With all the cheer and celebrations that Christmas brings, it can be daunting for those who are newly bereaved - that first Christmas without someone you love is so hard. The thought of going to shopping centres can be overwhelming, listening to those carols, seeing people happily (or stressfully) buying gifts for others.
I'd like you to think about the following scenario:
Imagine your really close friend has just broken their leg, they are physically incapacitated and being the highly organised person they are, the week before Christmas they haven't even started their Christmas shopping (perhaps they were male or just like me!). They ring you up and say "Robyn, I've been sitting here looking through the junk mail and I really need a few things from K-Mart. If it isn't too much bother, do you think if you are passing there this week, you could pick a couple of things up for me?"
What would you do? Would you say "no I'm sorry I'm not going near K-Mart this week"? Or would you (even knowing you swore you were not going near the shops again) say... "of course, no problem, make a list of what you want and I'll get them". And although cursing under your breath at the parking - you feel good that you have been able to help a friend.
I can hear you saying.... "but I haven't got a broken leg" ..... you are quite right, but you have got a broken heart and we all know that a plaster cast and physiotherapy will not fix that!
I'm sure, like me, when someone precious in my life died, so many people said to me "if there is anything I can ever do to help, please just ask" - well NOW is the time to ask if you need to. Can you imagine the joy that it will give them to know they can do something to help you? Put yourself in their position. Or perhaps you could say, "instead of buying a gift for me this year, could you please go and do some shopping for me instead? I just can't face going near the shops right now." Or perhaps you can ask them to go with you to the shops (it's a lot easier to run out of the shop and have someone still there to get your credit card back). Sometimes just having someone beside you makes it easier, particularly if you used to go and do the shopping with your loved one.

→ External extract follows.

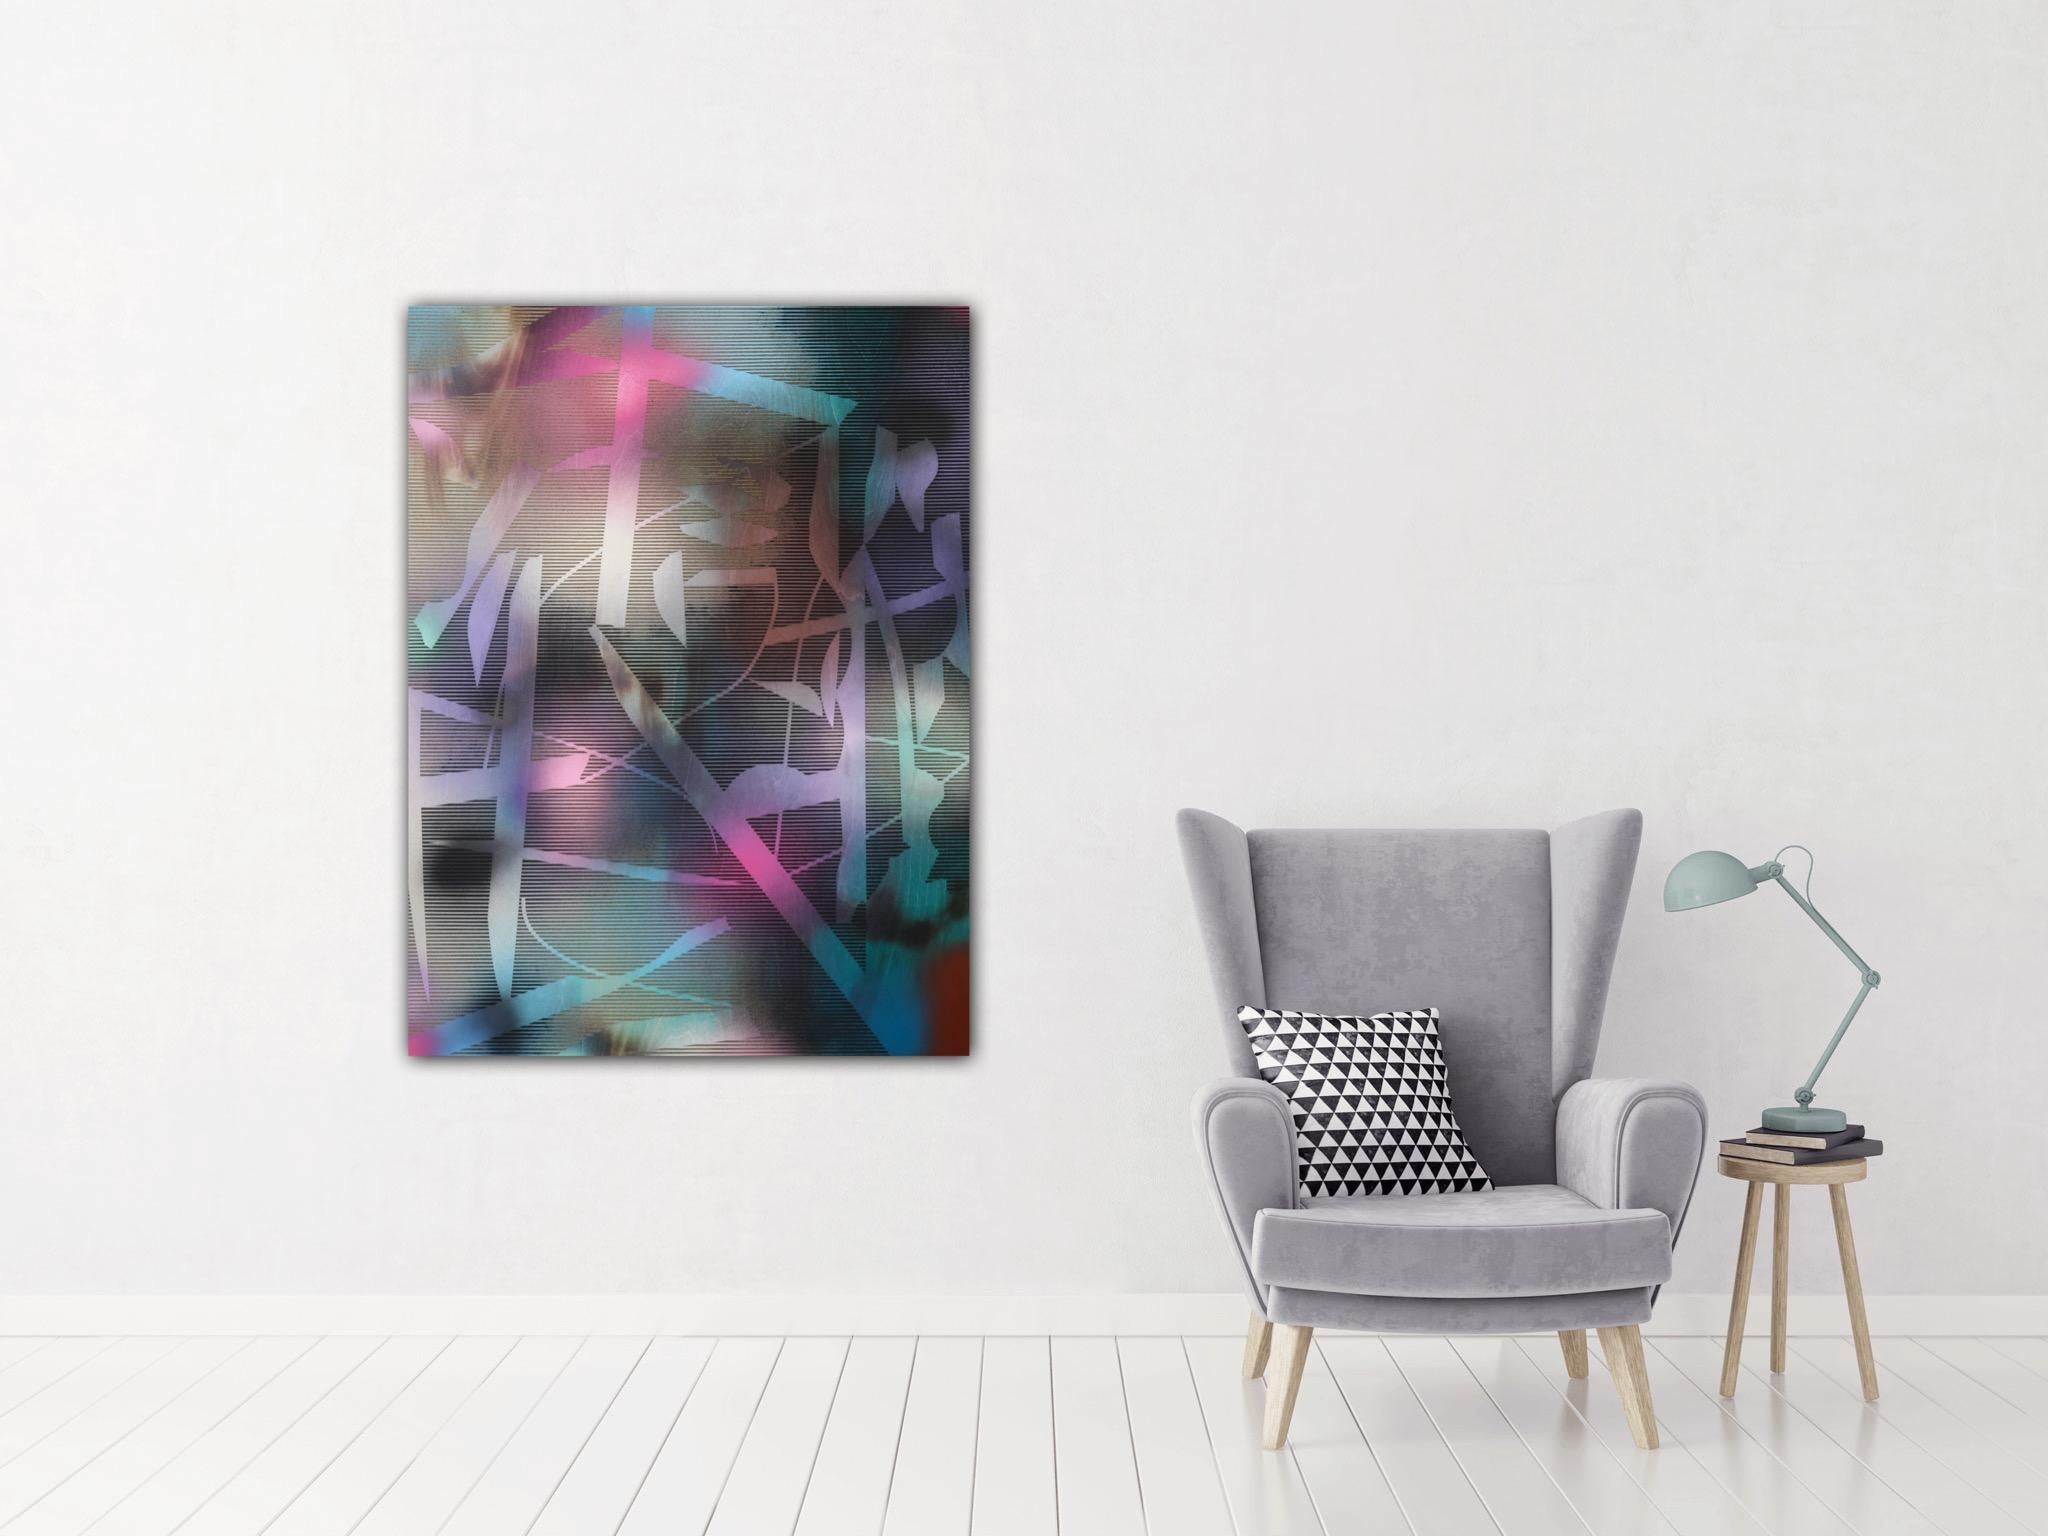 in City and in Forest 29 (grid painting abstract wood contemporary jewel tones) - Abstract Geometric Painting by Melisa Taylor Metzger
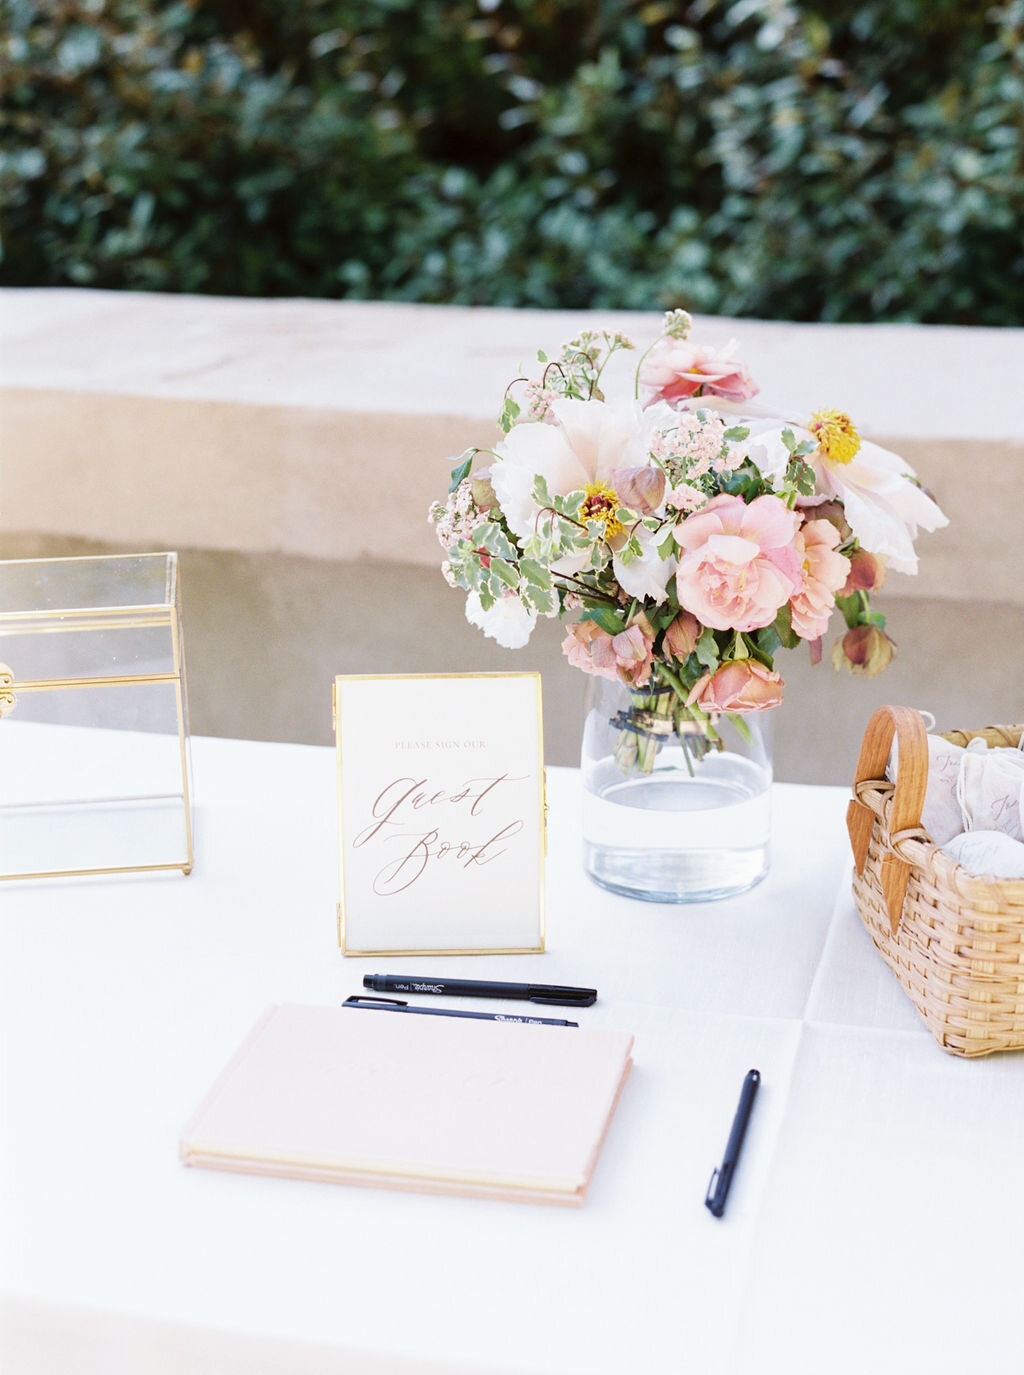 Guest Book and Welcome Table | Simply Charming Socials | Atlanta Wedding Planner

Just a suggestion and like all suggestions, take what you need and leave the rest.
Some things you might consider for this year:
Having a remembrance table at a family get together can be helpful where mementos can be brought of not just your loved one, but anyone special who has gone before us can be remembered.
Ask people to bring their favourite photo of your loved one - rarely are there sad photos! Or tell a story of a funny incidence they were involved in or a special memory they have (prior notice is good – allow them lunchtime to think about it and remind them that it’s ok if they don’t want to do it).
Lighting a candle to place in the centre of the table, to show their spirit is still around. Candles are recognized world wide as a symbol of hope.
The giving of gifts either through here or through another charity for children in need. (rather than one expensive gift I usually buy several between $20-30 each).
Why not buy a new decoration this year? A beautiful round ball to hang on the tree, that will be for your loved one who has died. Perhaps you can have it engraved, and then each year, when you decorate your Christmas tree, that person’s decoration will be there for all to see. Place your new ornament near the top of the tree next to the star of hope because if your loved one could give you a gift this year, that is what it would be – hope that you will see the rainbow after skies of grey as you allow sunshine to enter your lives again.
Why not plant a tree/shrub/flower?
Why not do something you have never done before, like take a picnic to the park instead of the chore of cooking
If there is a table place missing, say Grandpa at the head of the table, make it a prize to be drawn out of the hat as to who sits in that chair, give them something to decide, eg. we will have opening the presents after lunch, so that it becomes a coveted place to sit, or if they are old enough, let them carve or serve something that that loved one once did.
If you have someone who wants to stay by themselves for the day, don't force them to be involved, sometimes being invited to somewhere where all their family are there only makes it more obvious to you that your's is not.
BE KIND TO YOURSELF, you only have to get through today - one day at a time!